Changed on 12/12/2023
With brains containing just 10,000 neurons, as opposed to around 100 billion in human brains, fruit fly larvae are able to successfully complete complex tasks in unpredictable environments. EPIMETHEE, a new project team at the Inria Paris centre is seeking to utilise this model in order to develop a better understanding of the impact neurological diseases have on the human brain. Their overarching goal is to improve the diagnosis and treatment of these diseases.
Photo en noir et blanc d'une partie de l'équipe EPIMETHEE dans les locaux de l'Institut Pasteur.

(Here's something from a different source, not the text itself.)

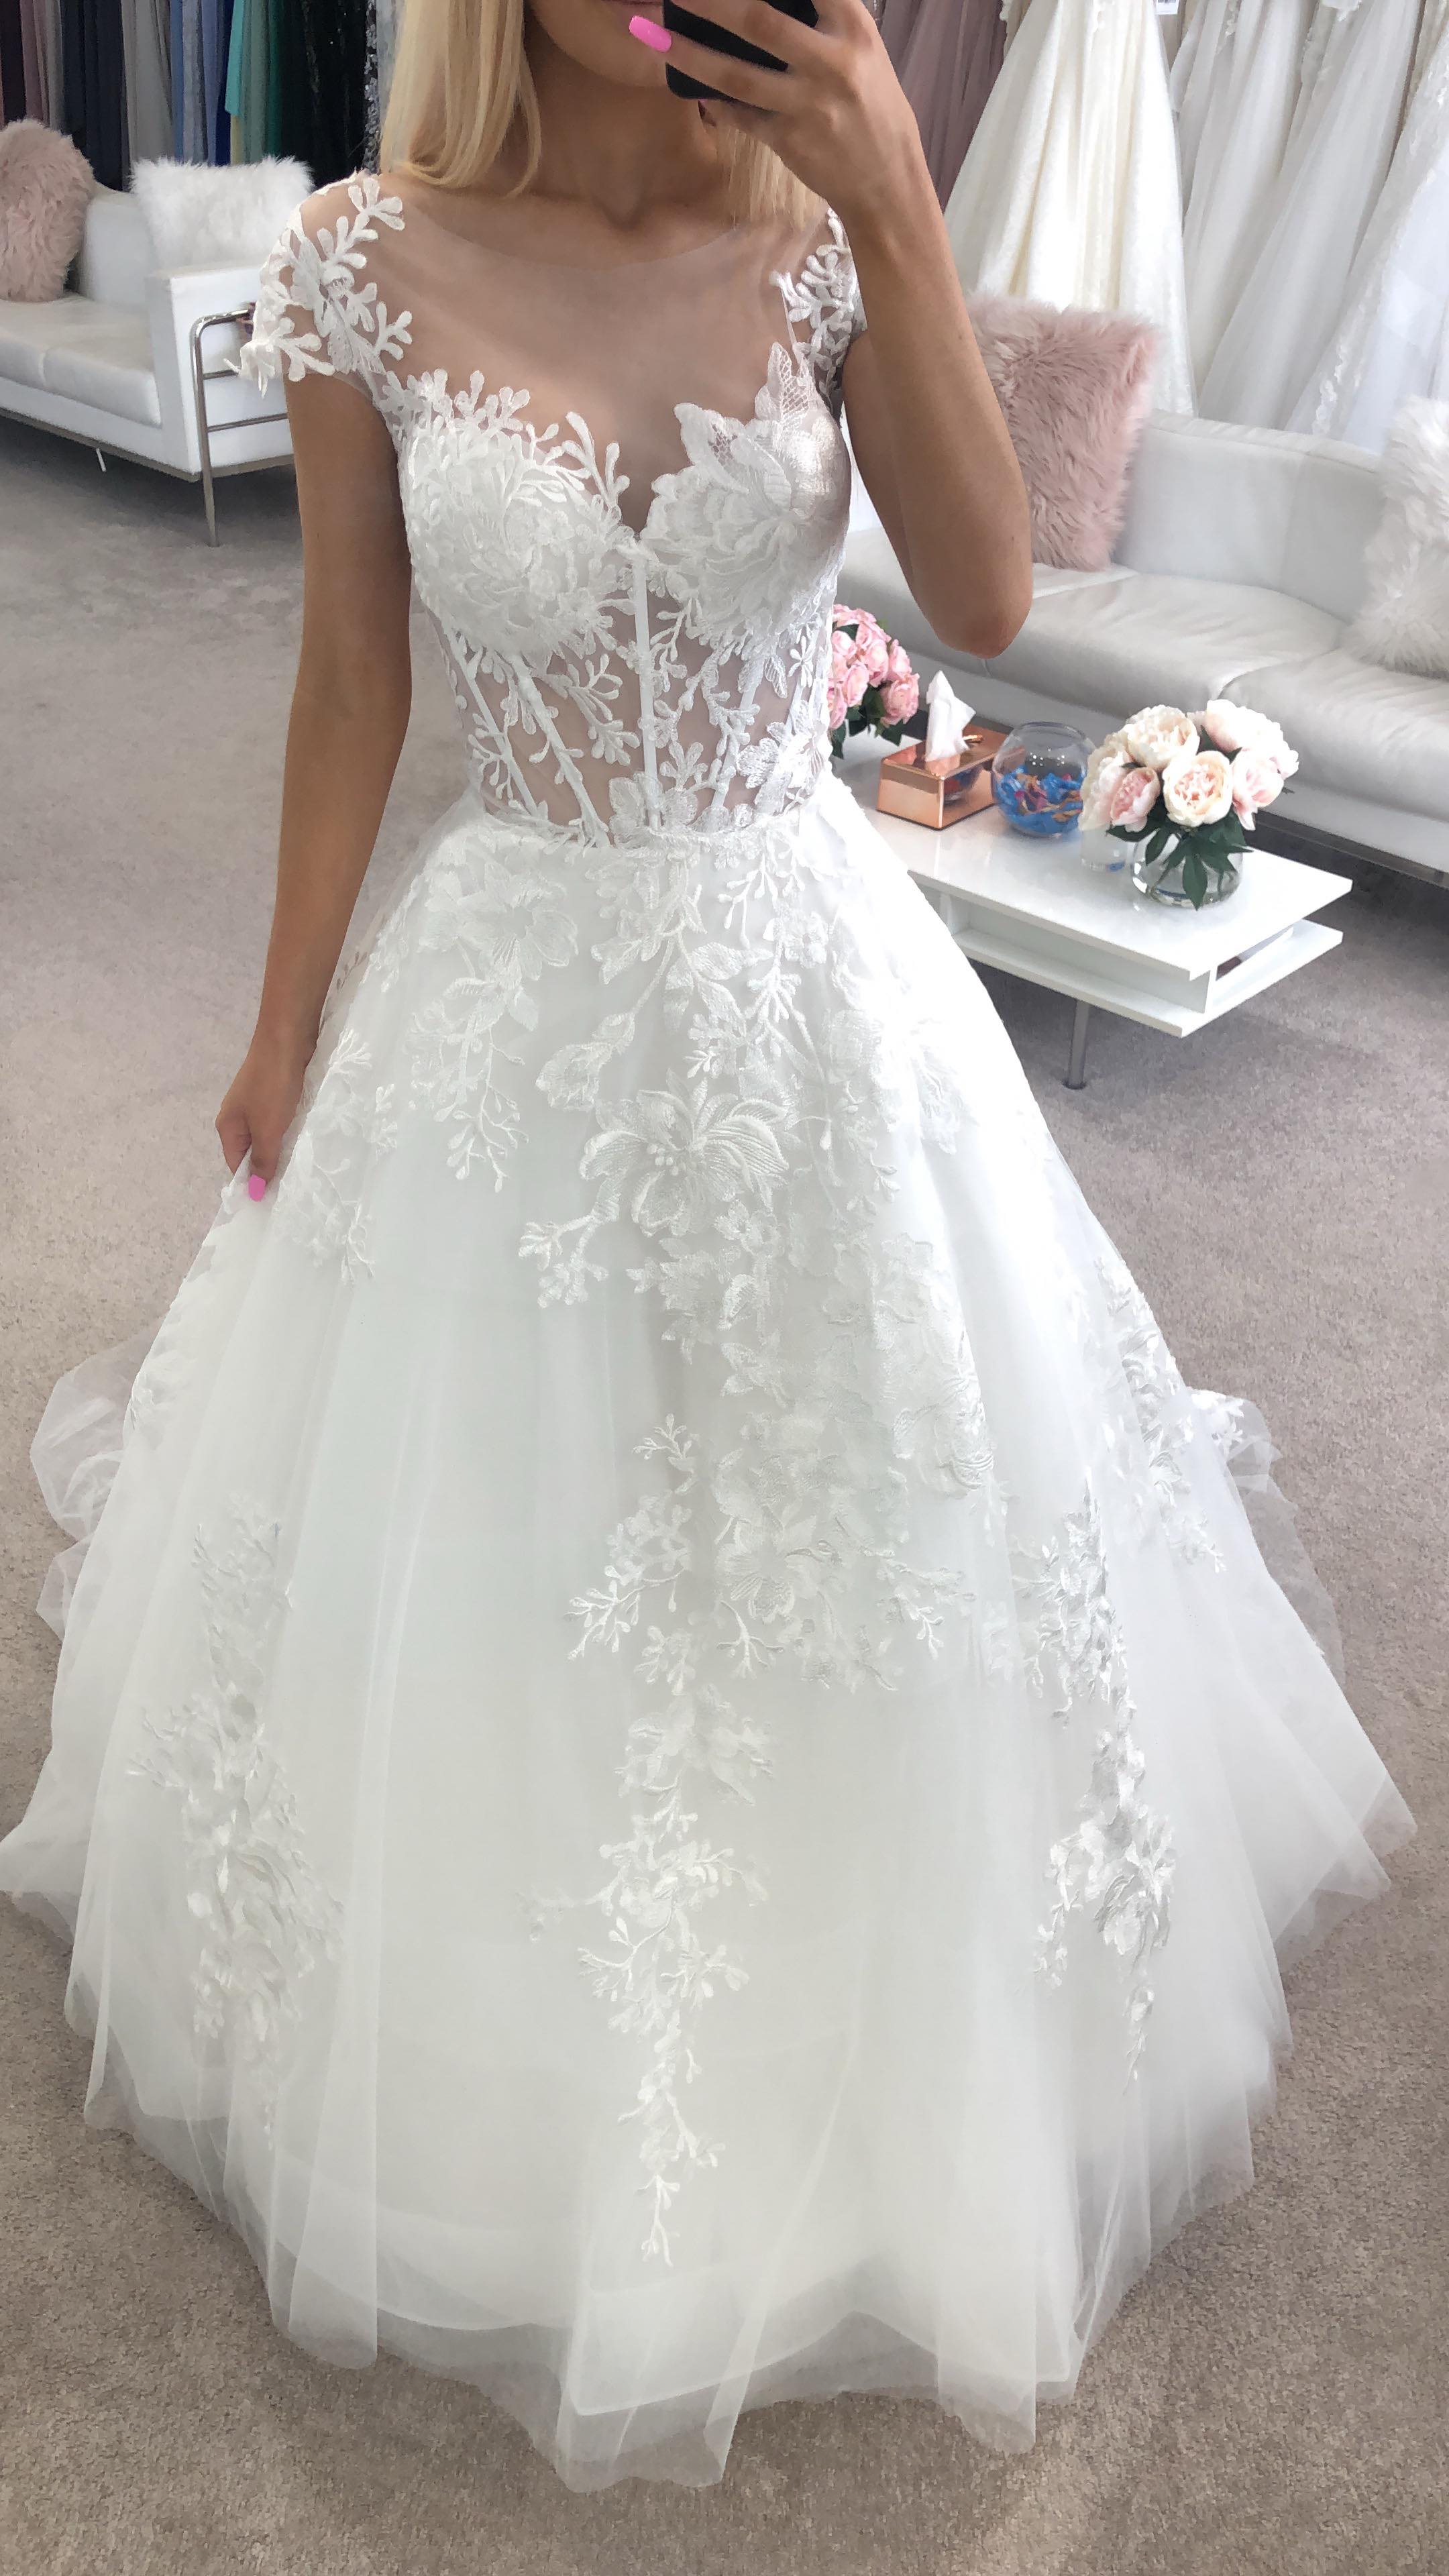  Lebanese Wedding Dresses

The EPIMETHEE team from the Decision and Bayesian Computation de l’Institut Pasteur de Paris. From left to right: Jean-Baptiste Masson (project team leader), François Laurent (research engineer), Alexis Bénichou (PhD student), Christian Vestergaard (permanent researcher).

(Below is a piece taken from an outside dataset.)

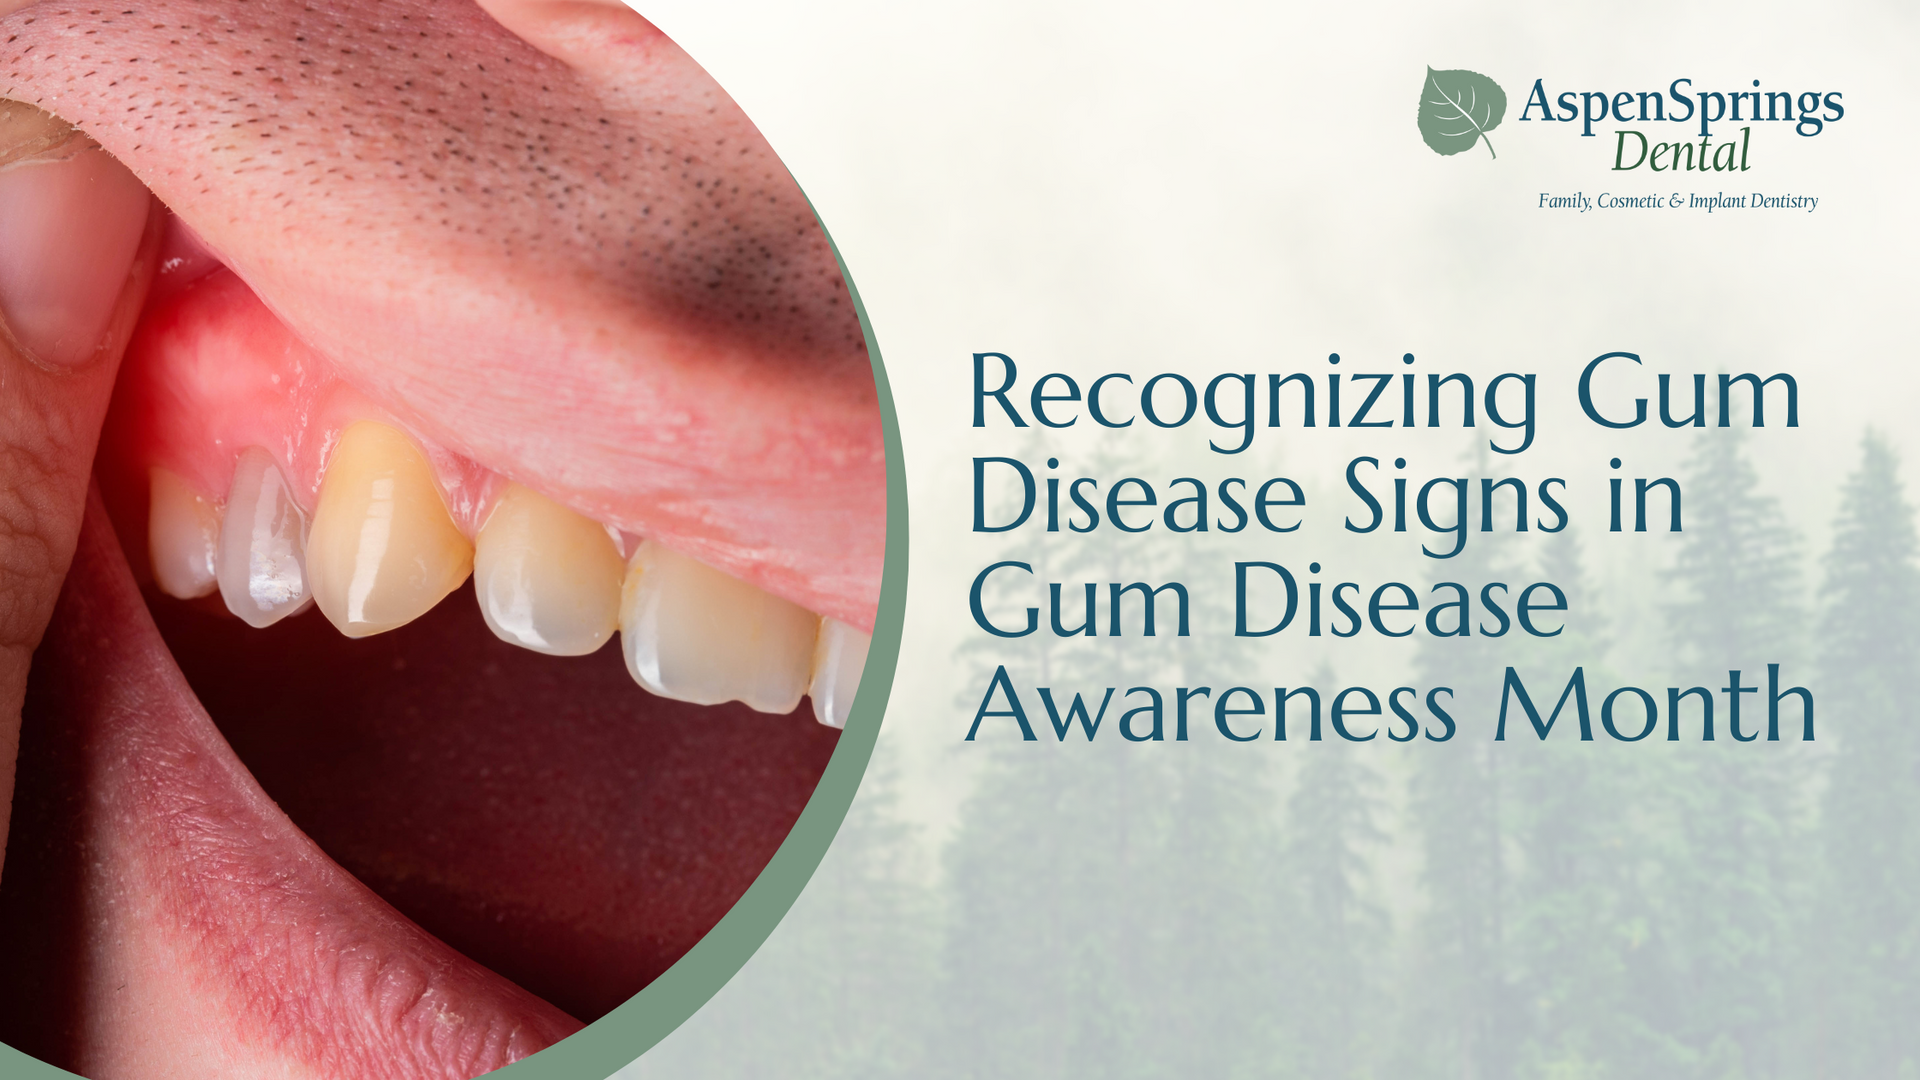 aspen springs dental is recognizing gum disease signs in gum disease awareness month .

Neuroscience: unlocking the mysteries of neurodegenerative diseases

Fruit flies might be a real a nuisance to greengrocers, but for EPIMETHEE, a new project team launched in 2023 by Inria, the Pasteur Institute and the CNRS, fruit fly larvae are an object of study, and the source of much fascination. By studying their neural circuits, over the next few years the team is hoping to be able to unlock some of the mysteries of the human nervous system, drawing on computational biology. This includes neurodegenerative diseases such as Alzheimer’s and Parkinson’s, as well as inflammatory diseases such as multiple sclerosis.

We want to explain the impact these conditions have on the structure of our own neural circuits and how they function”, explains Jean-Baptiste Masson, the head of the project team. “We are also seeking to improve the first steps in the testing process for candidate drugs for neurodegenerative diseases.” In turn, this will help to improve how these conditions are treated.

An interdisciplinary team centred around bioinformatics

The EPIMETHEE project team is linked to the Decision and Bayesian Computation laboratory at the Pasteur Institute in Paris, which is also headed up by Jean-Baptiste Masson. The team’s ten members are specialists in theoretical physics, neuroscience, software and Bayesian inference. Further down the line they will be joined by a researcher from Inria, who will contribute their knowledge of theoretical mathematics, simulation and development.

Architecture de la procédure d’inférence amortie des propriétés physiques de maches aléatoires de biomolécules à partir d’une approche de réseau de neurones sur graphes.
Architecture of the procedure for amortised inference of the physical properties of random groups of biomolecules using a graph-based neural network approach.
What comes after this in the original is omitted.